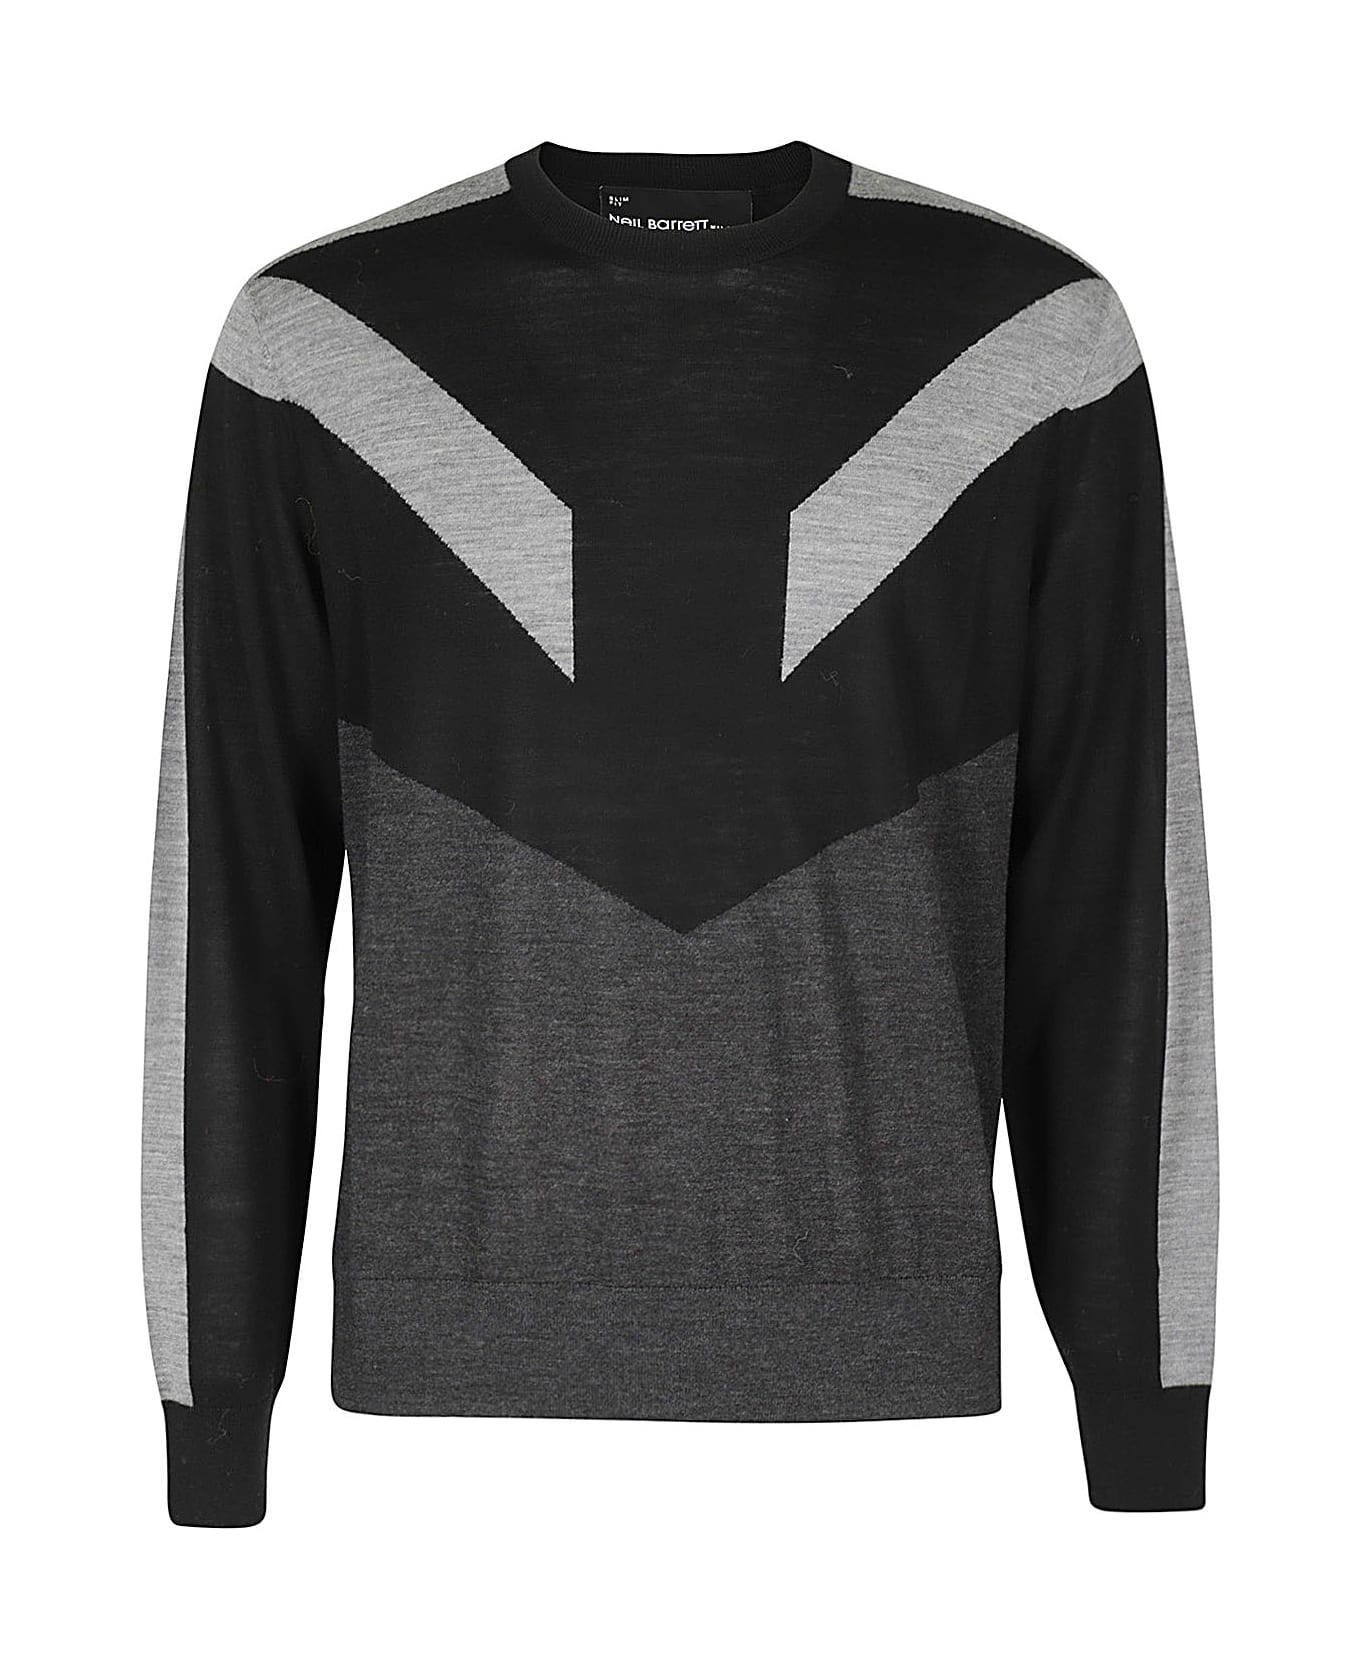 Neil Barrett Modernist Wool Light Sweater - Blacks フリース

---

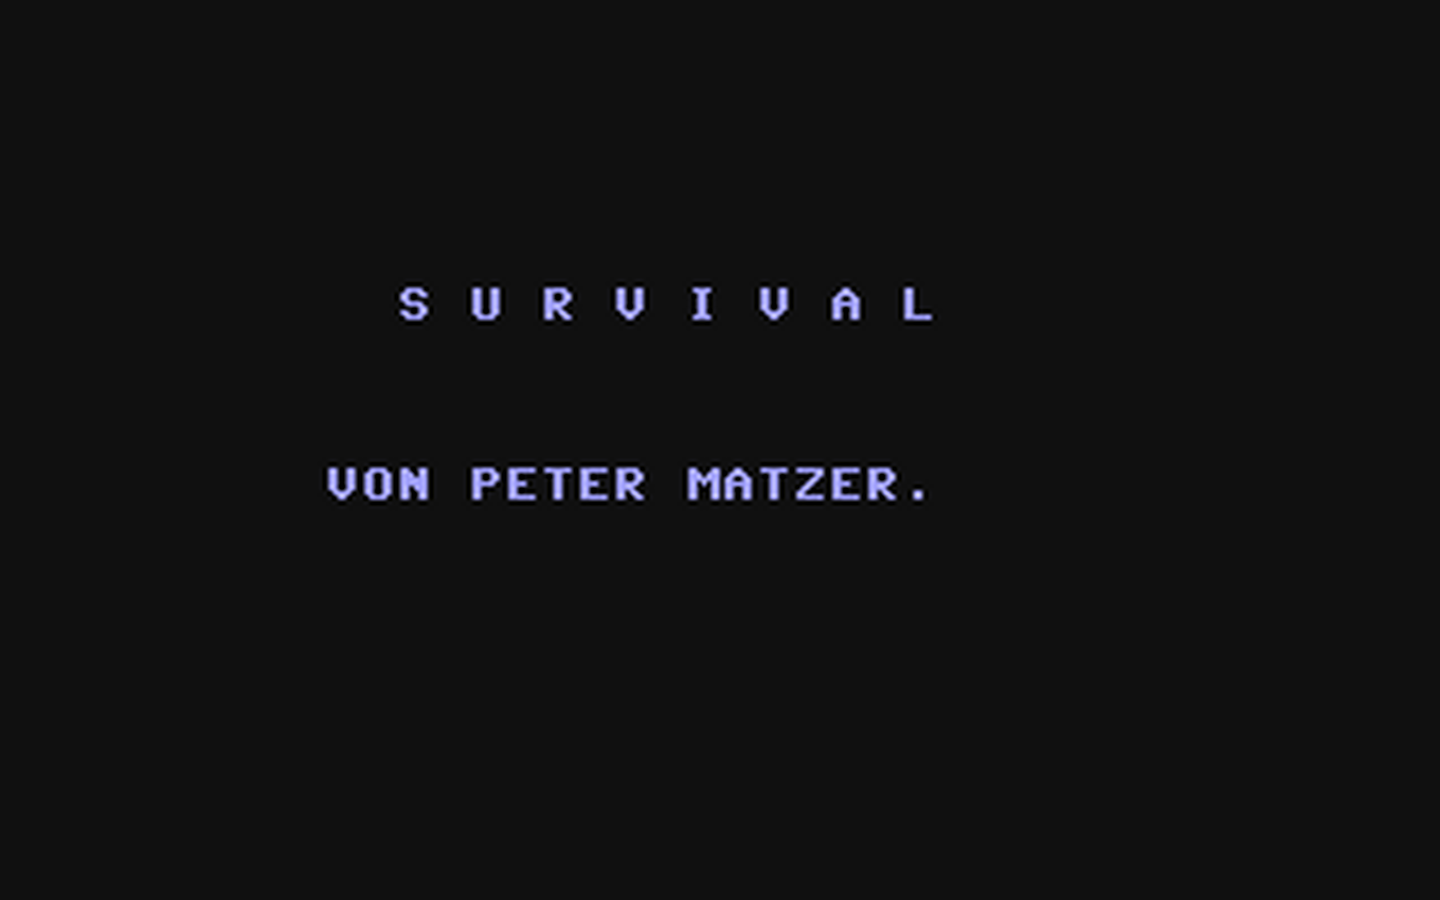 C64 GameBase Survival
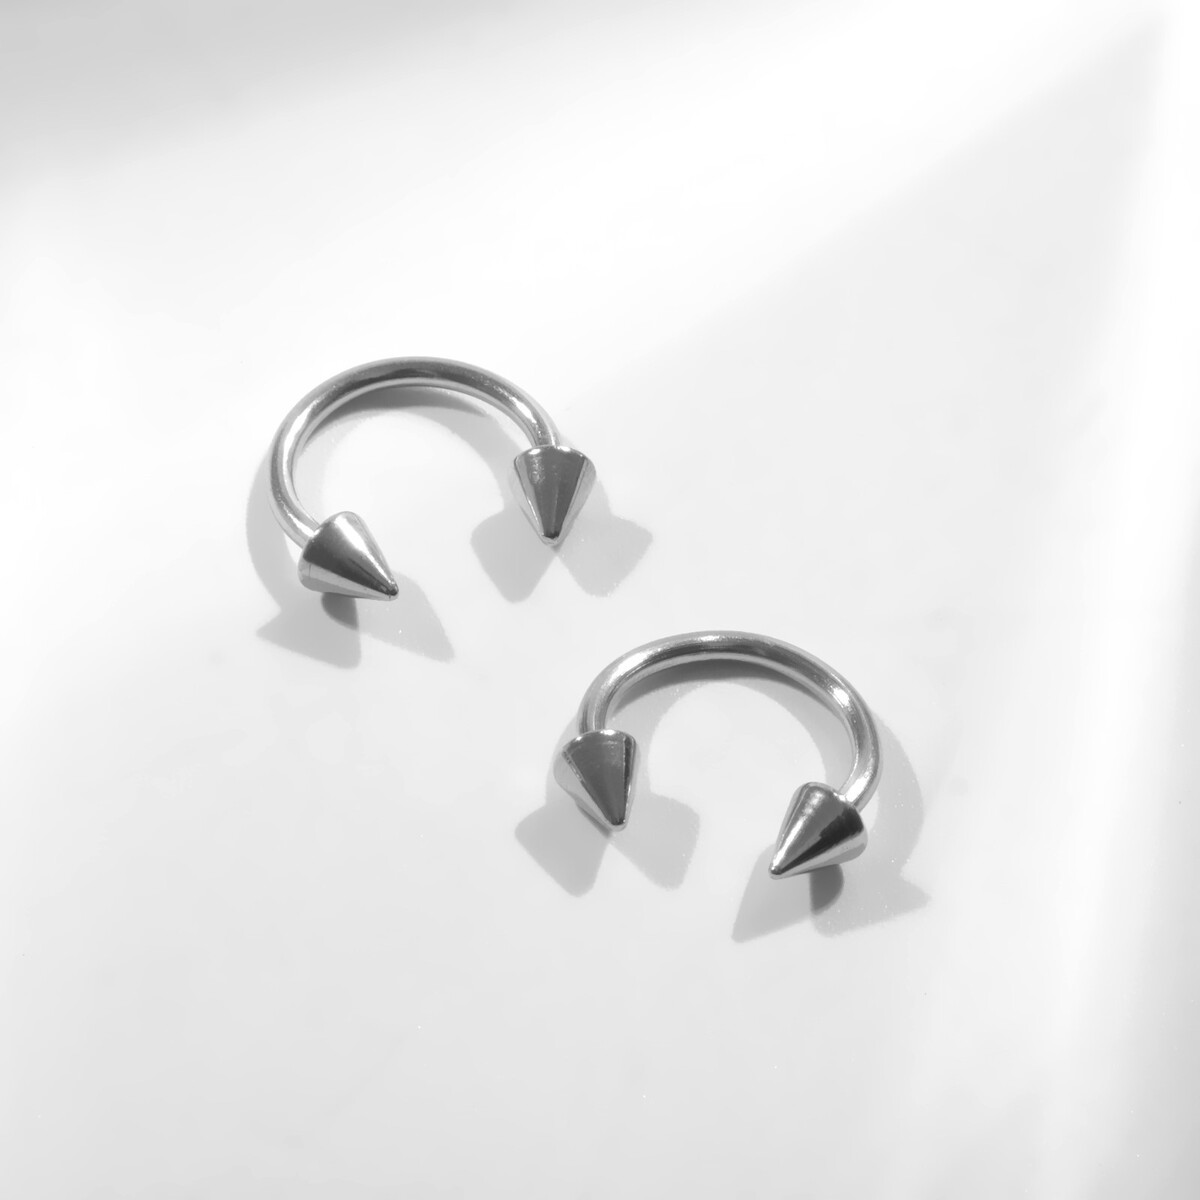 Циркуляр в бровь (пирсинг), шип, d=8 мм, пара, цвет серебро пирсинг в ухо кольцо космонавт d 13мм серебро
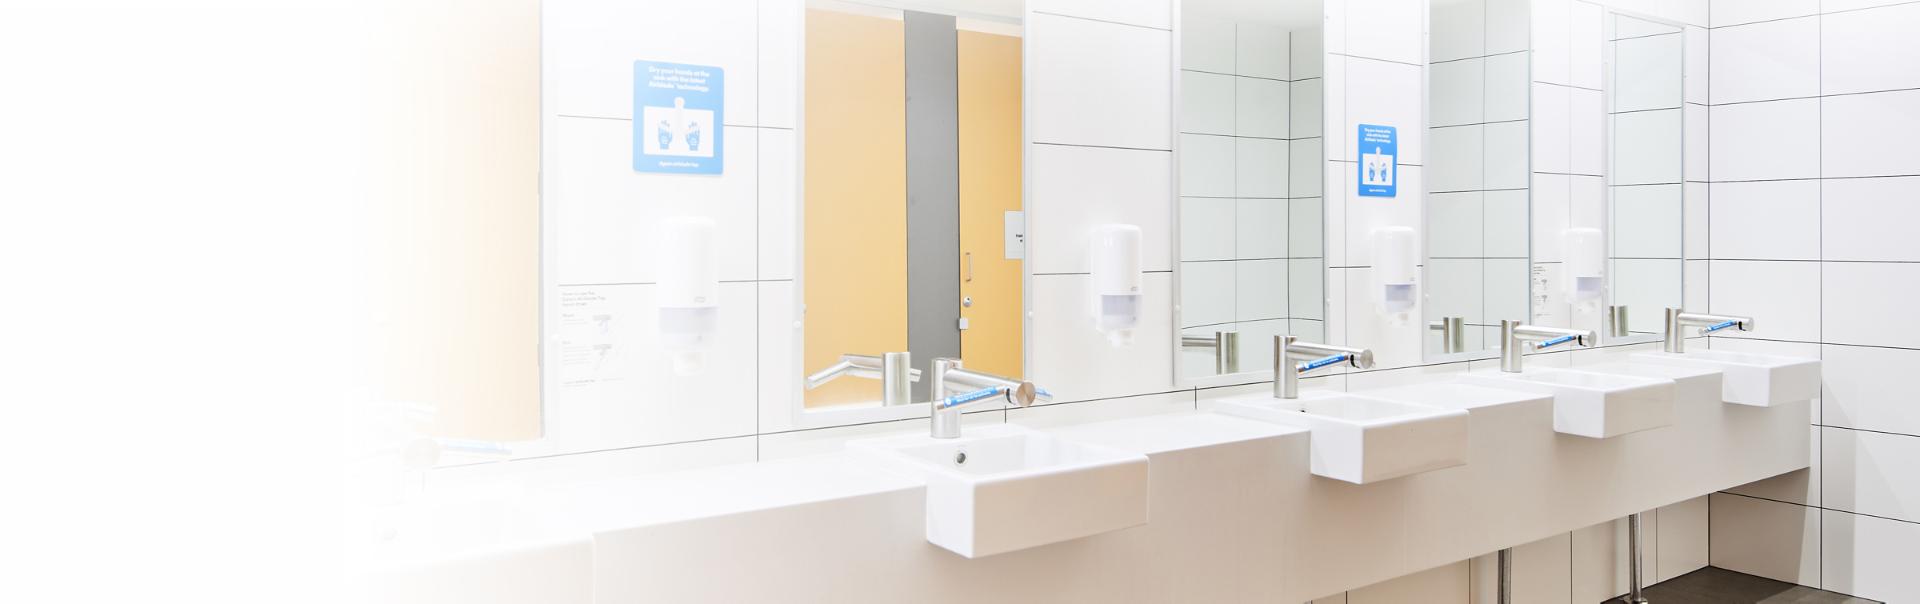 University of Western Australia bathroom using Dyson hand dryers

TASK DIRECTIONS »
Restate the lines above from the one containing "Циркуляр в бровь" through the one containing "University of Western", inclusive, exactly and without pictures.

FINISHED TASK »
 Циркуляр в бровь (пирсинг), шип, d=8 мм, пара, цвет серебро пирсинг в ухо кольцо космонавт d 13мм серебро
 University of Western Australia bathroom using Dyson hand dryers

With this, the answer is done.